Work task.
Your answer must be an exact copy of the data, without any pictures.

Data block.
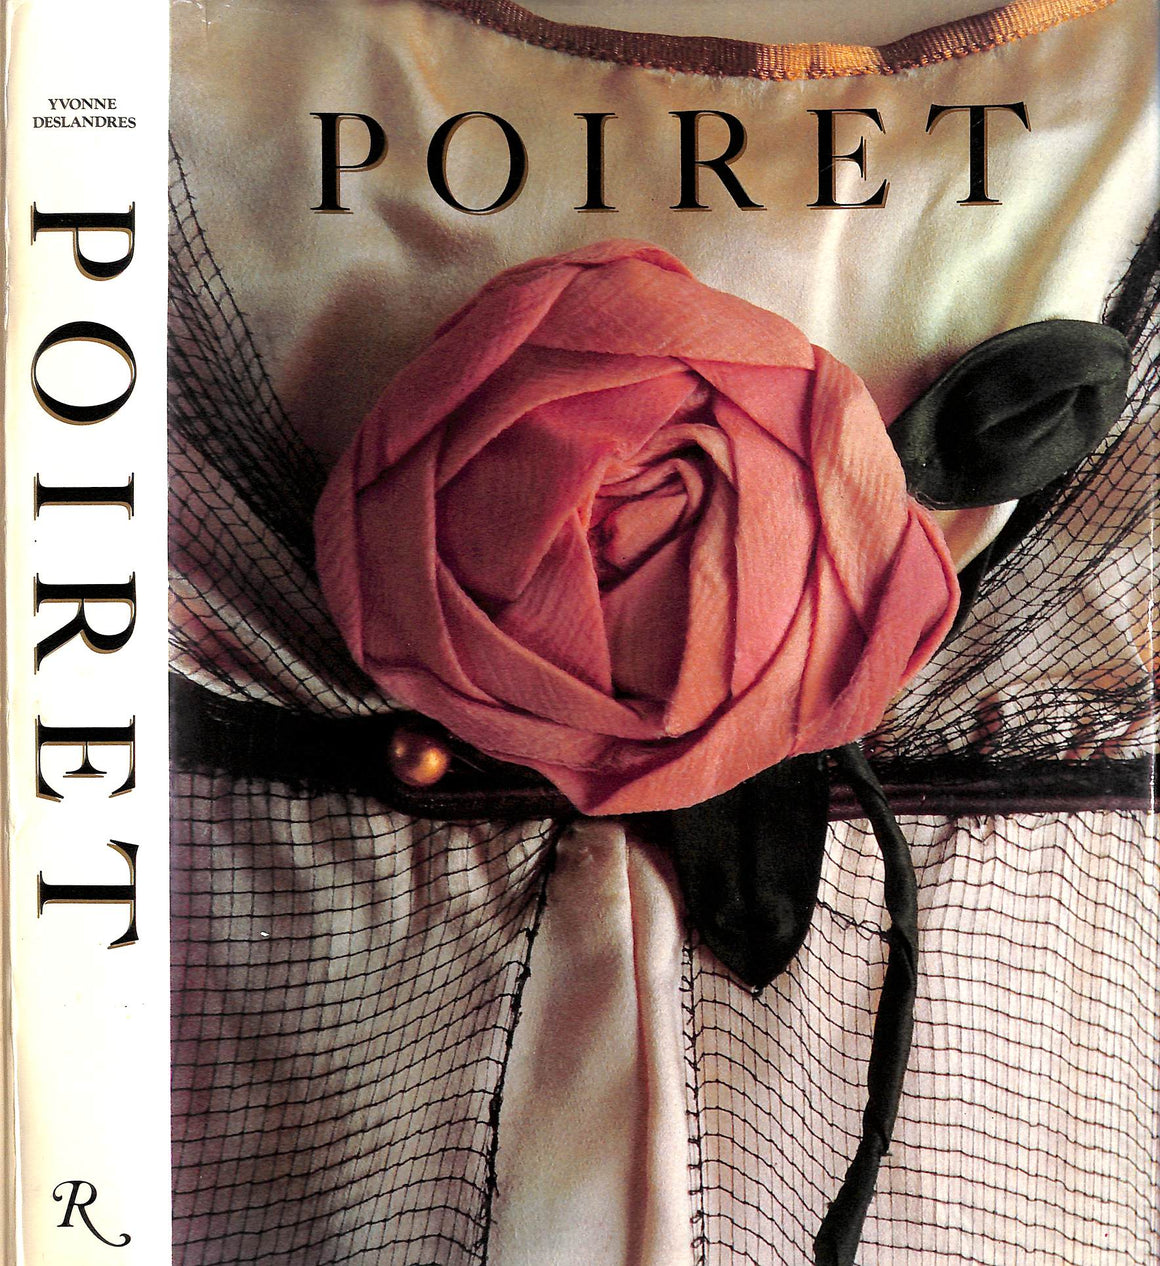 "Poiret: Paul Poiret 1879-1944" DESLANDRES, Yvonne
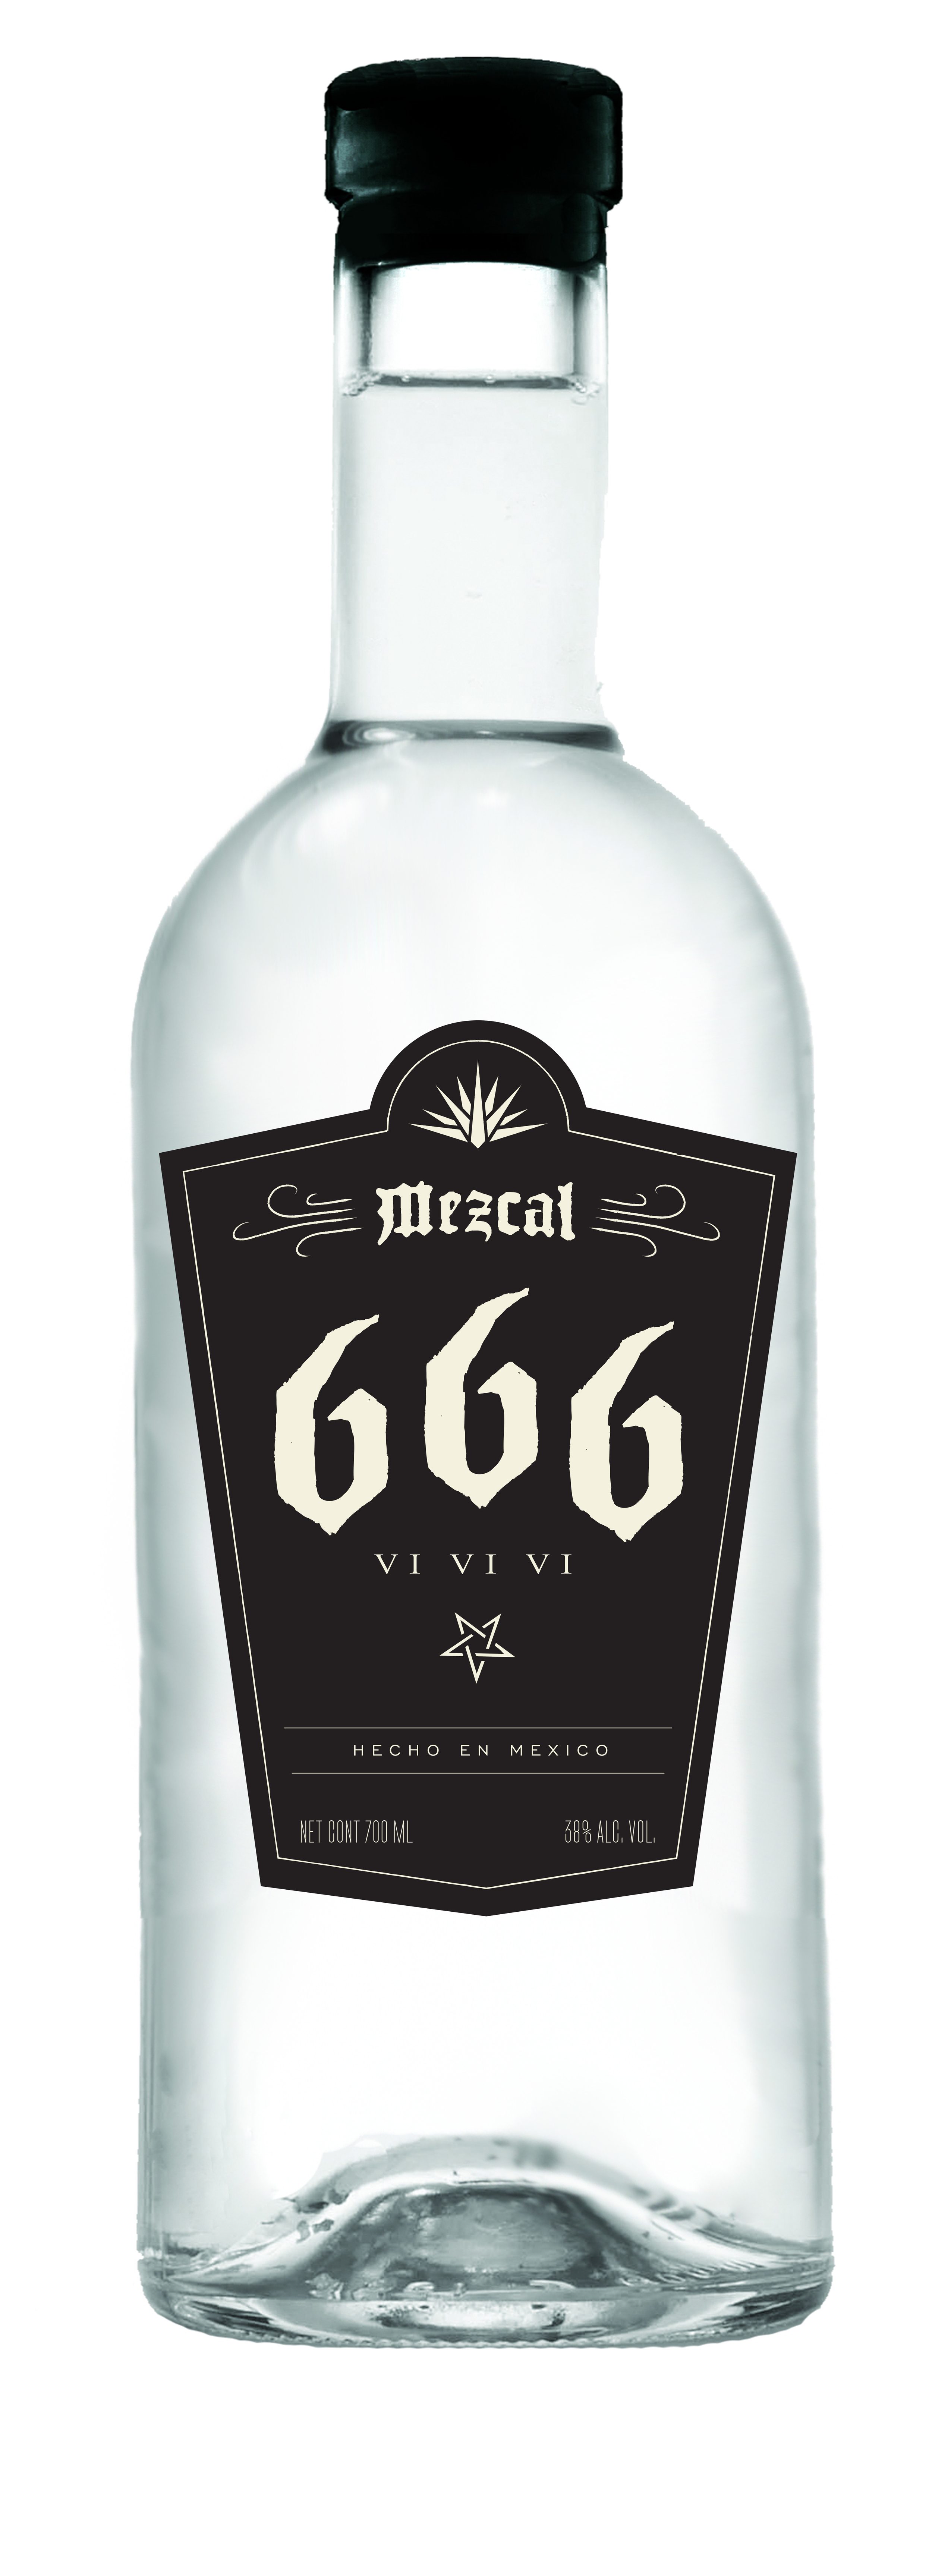 Mezcal 666 Bottles opt2_0013_666 black.jpg
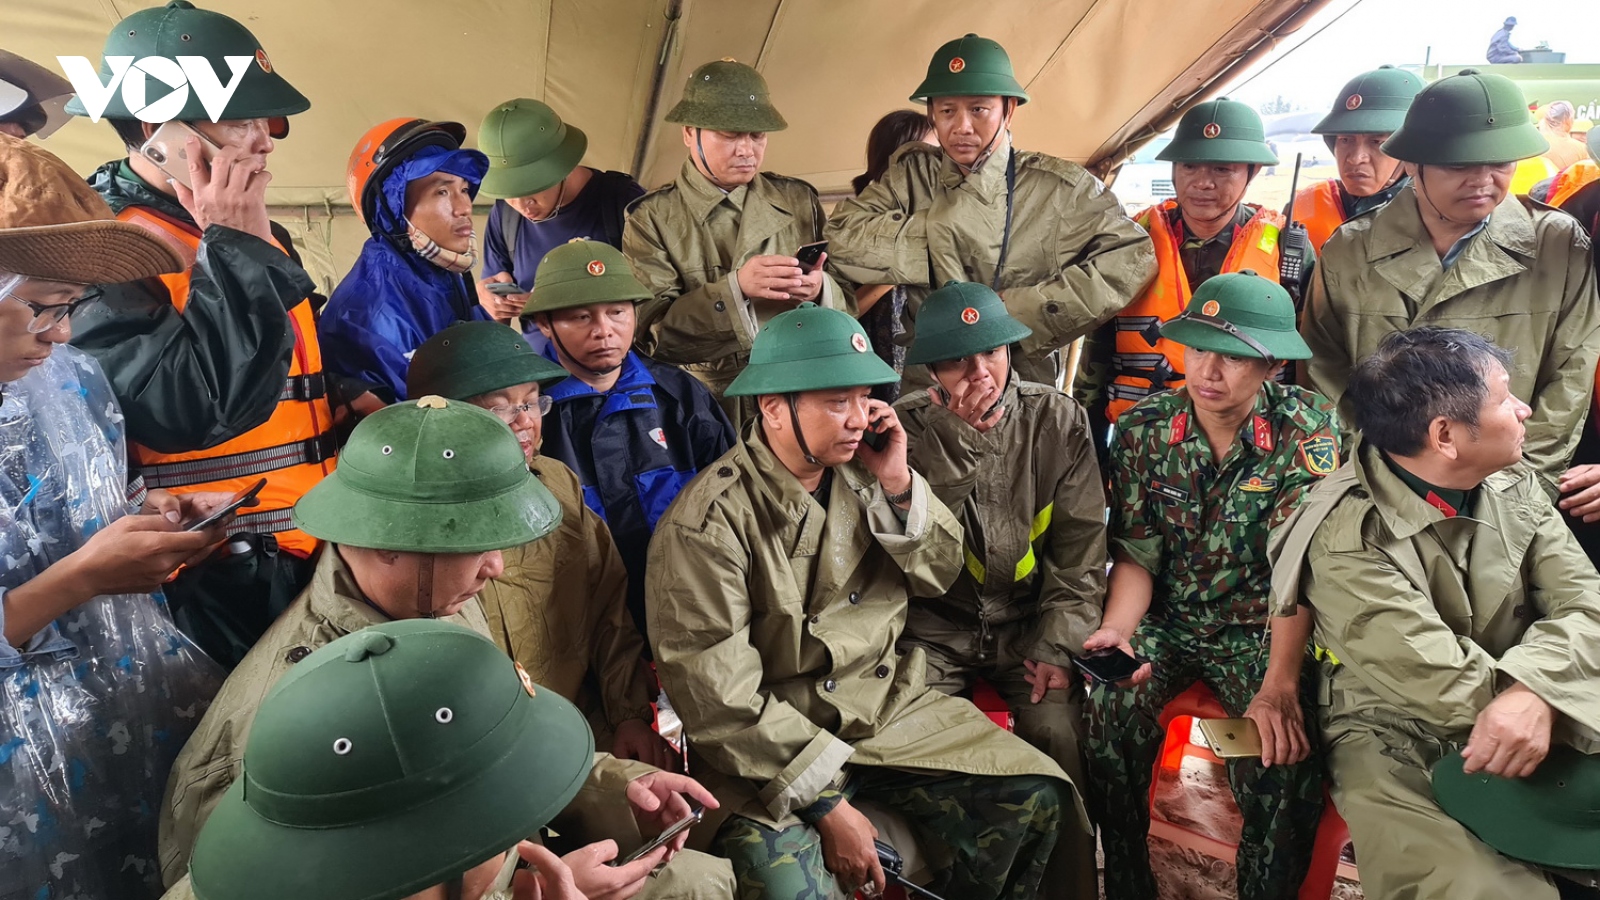 8 cơn bão đổ vào miền Trung: Quân đội cùng dân vượt qua gian khó 
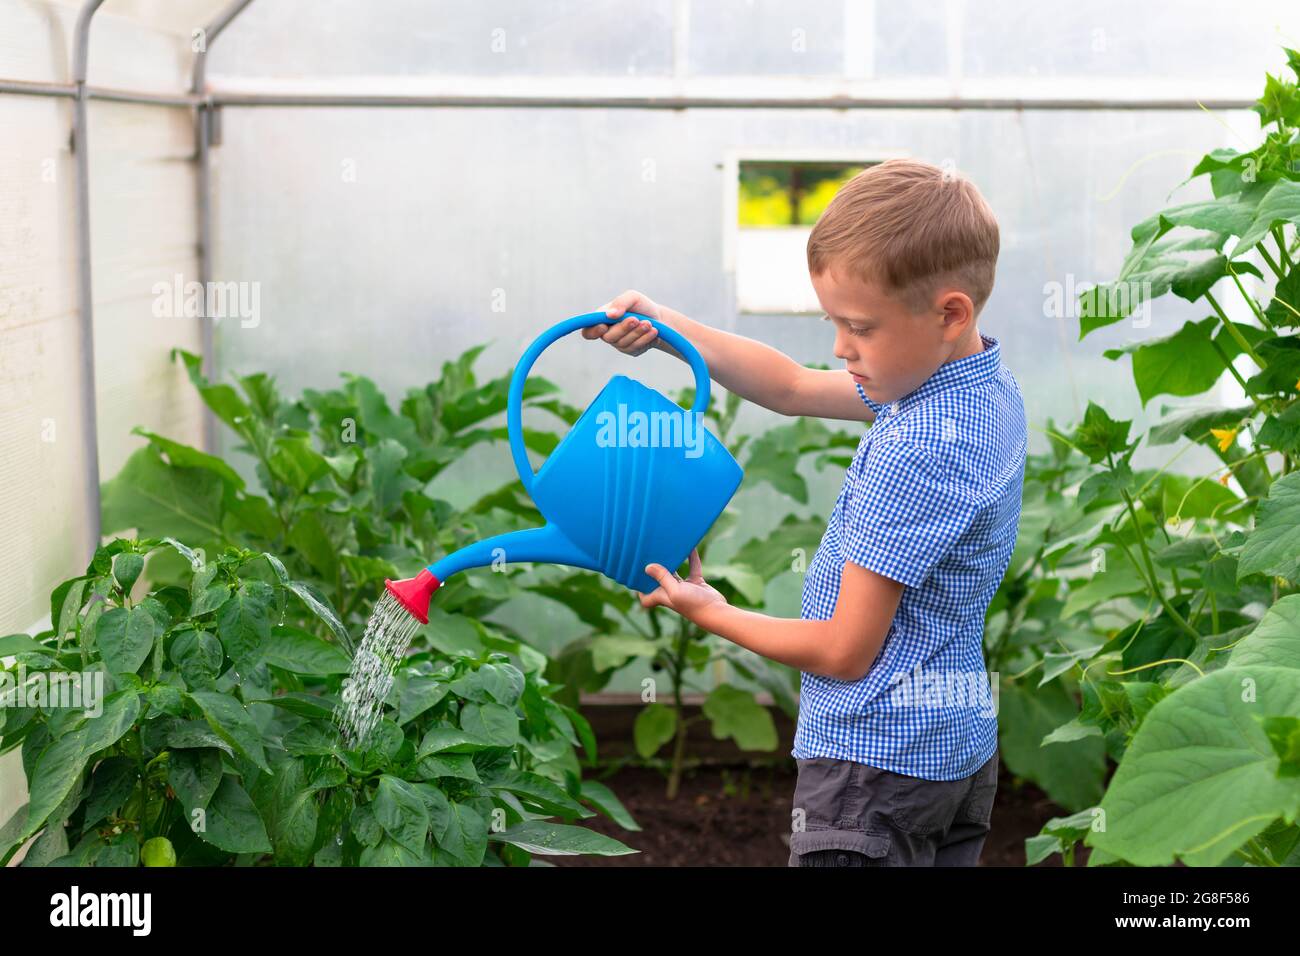 Ein Junge im Vorschulalter mit einer ordentlichen Frisur in einem blauen Hemd, das Gurken- und Tomatenpflanzen in einem Gewächshaus wässert. Selektiver Fokus. Hochformat Stockfoto

Completed task.
 "Poiret: Paul Poiret 1879-1944" DESLANDRES, Yvonne
 Mezcal 666 Bottles opt2_0013_666 black.jpg
 8 cơn bão đổ vào miền Trung: Quân đội cùng dân vượt qua gian khó 
 Ein Junge im Vorschulalter mit einer ordentlichen Frisur in einem blauen Hemd, das Gurken- und Tomatenpflanzen in einem Gewächshaus wässert. Selektiver Fokus. Hochformat Stockfoto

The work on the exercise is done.